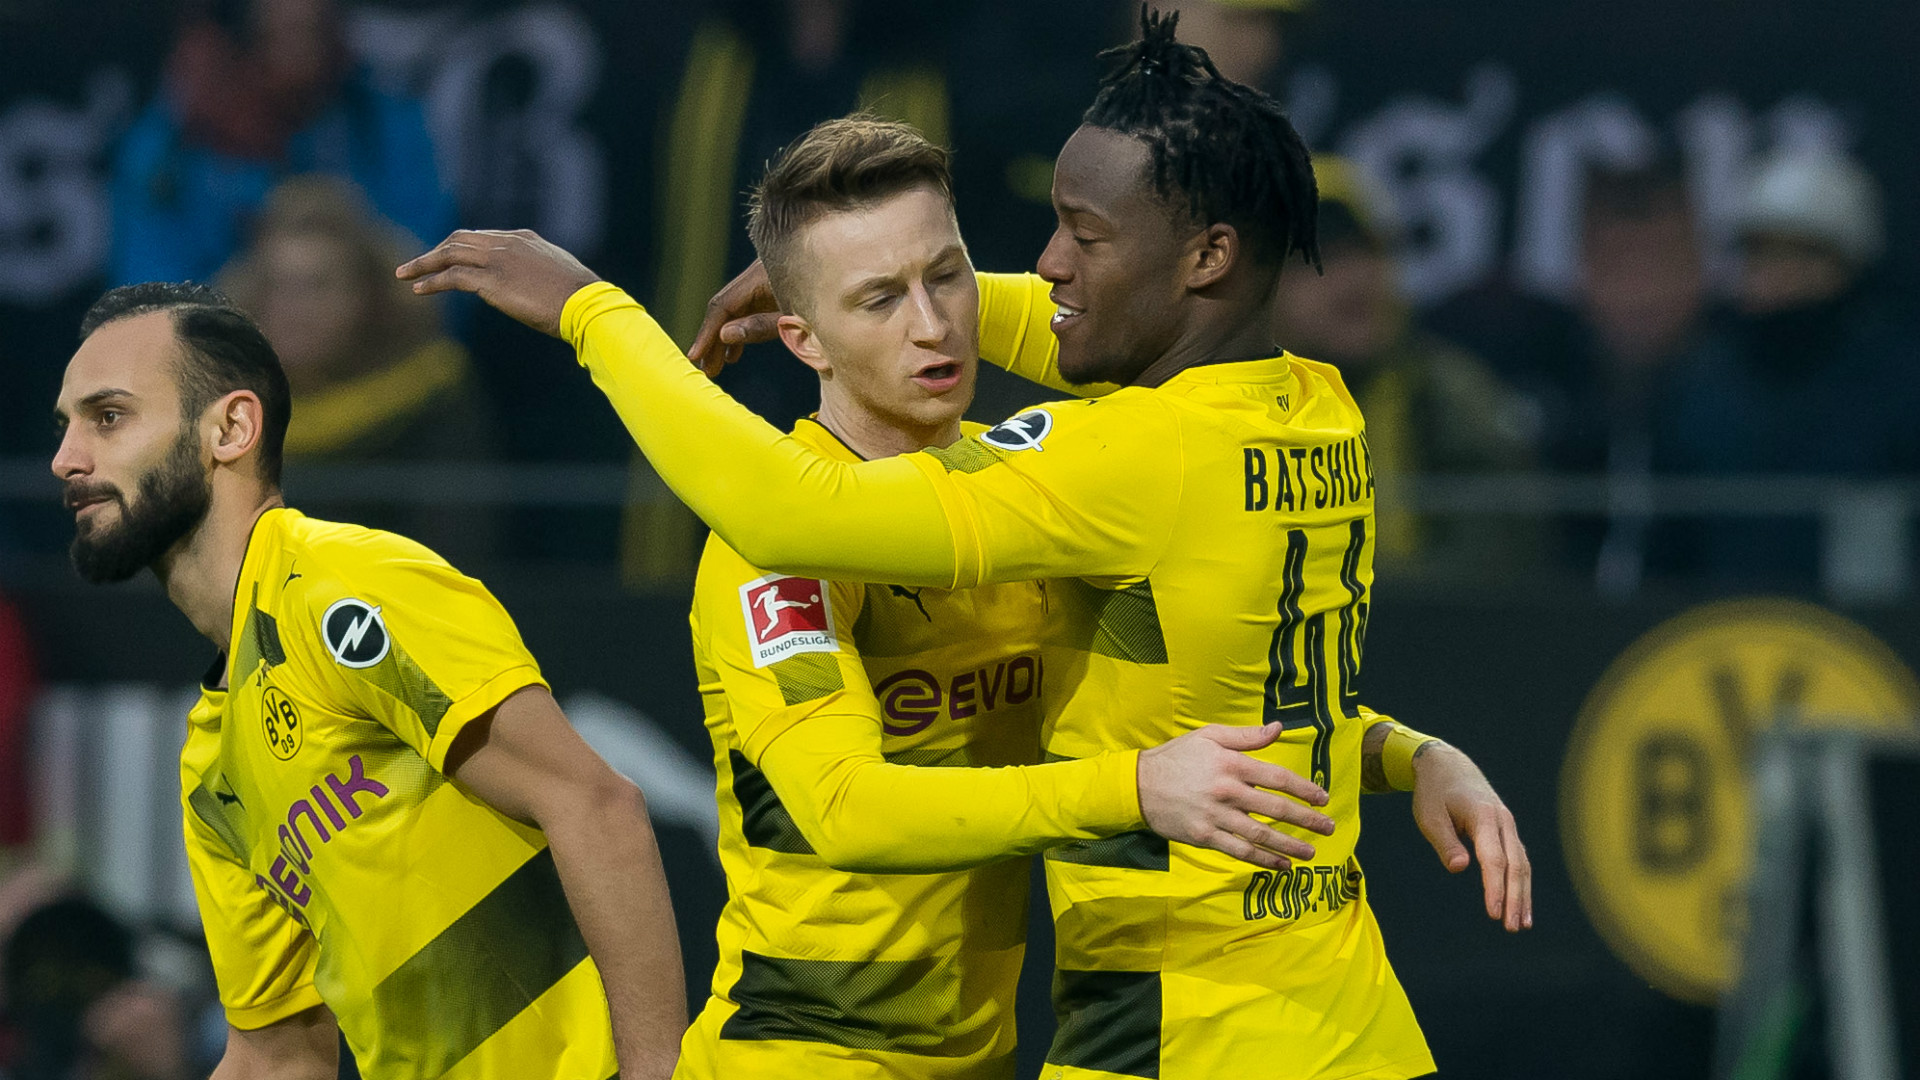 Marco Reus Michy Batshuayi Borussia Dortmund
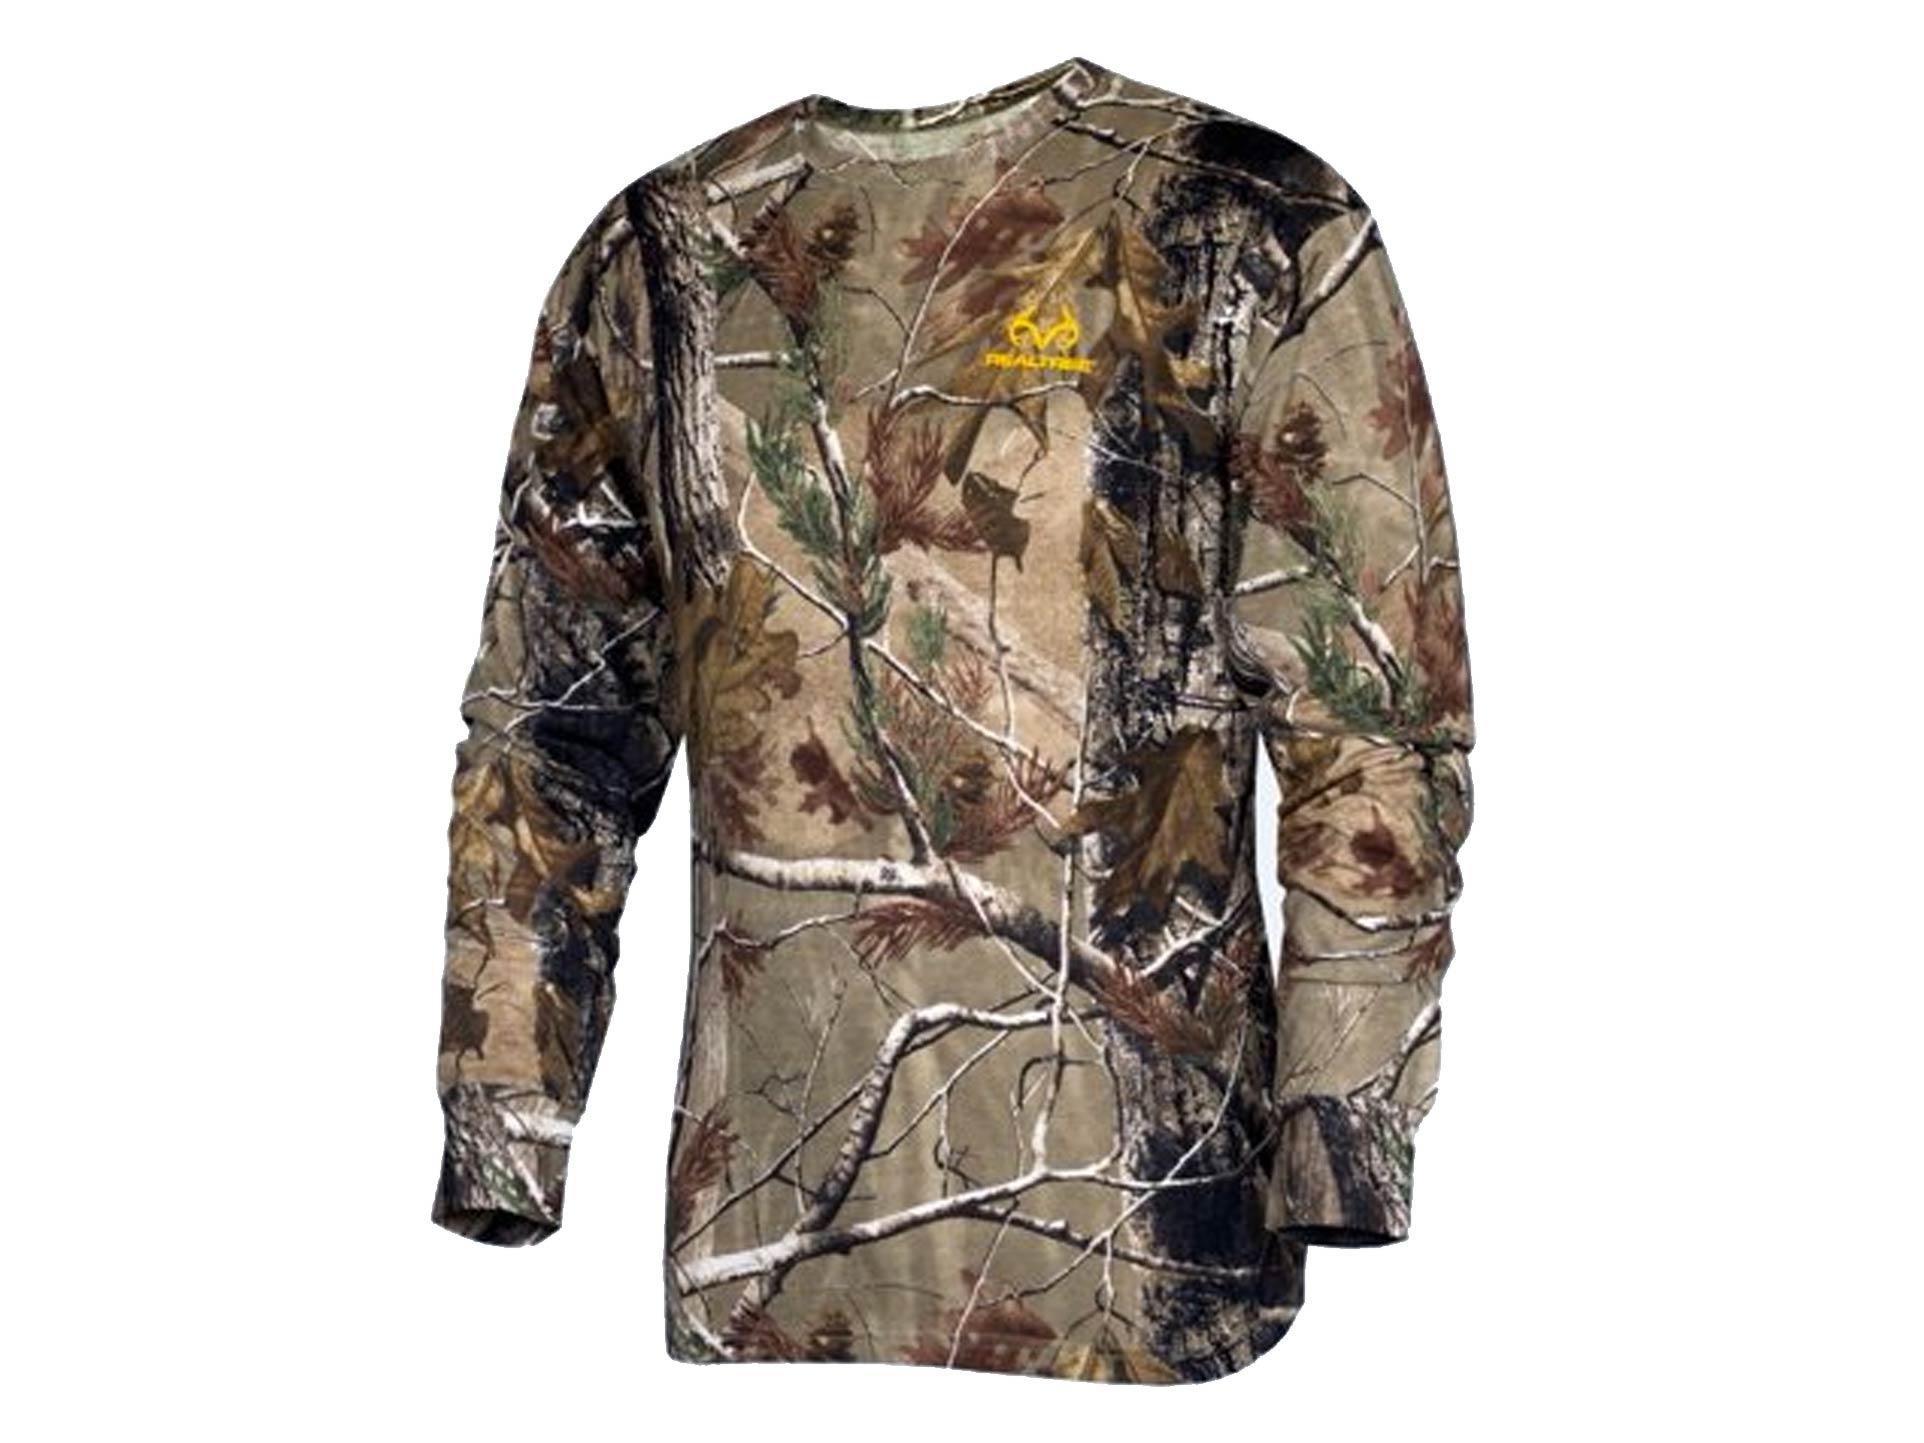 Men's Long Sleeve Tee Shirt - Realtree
...
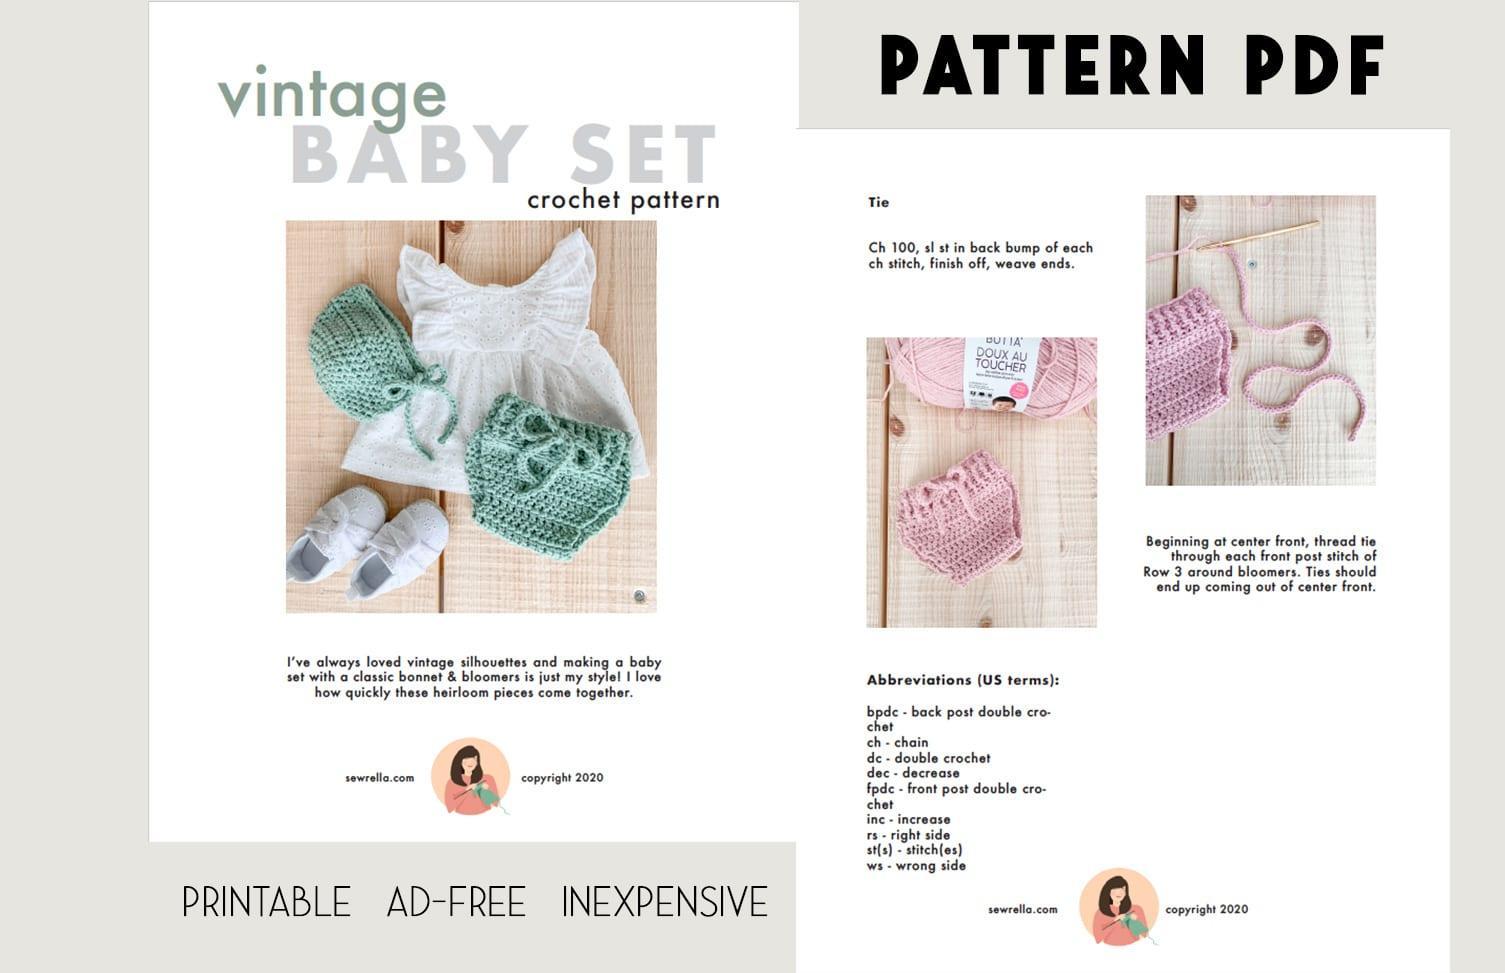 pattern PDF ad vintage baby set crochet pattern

Exercise:
In the records above, everything from the line with "Marco Reus Michy Batshuayi Borussia Dortmund" down to the line with "Men's Long Sleeve Tee Shirt - Realtree" is to be set down exactly, both ends included, with no pictures and no other lines.

Result:
 Marco Reus Michy Batshuayi Borussia Dortmund
 Men's Long Sleeve Tee Shirt - Realtree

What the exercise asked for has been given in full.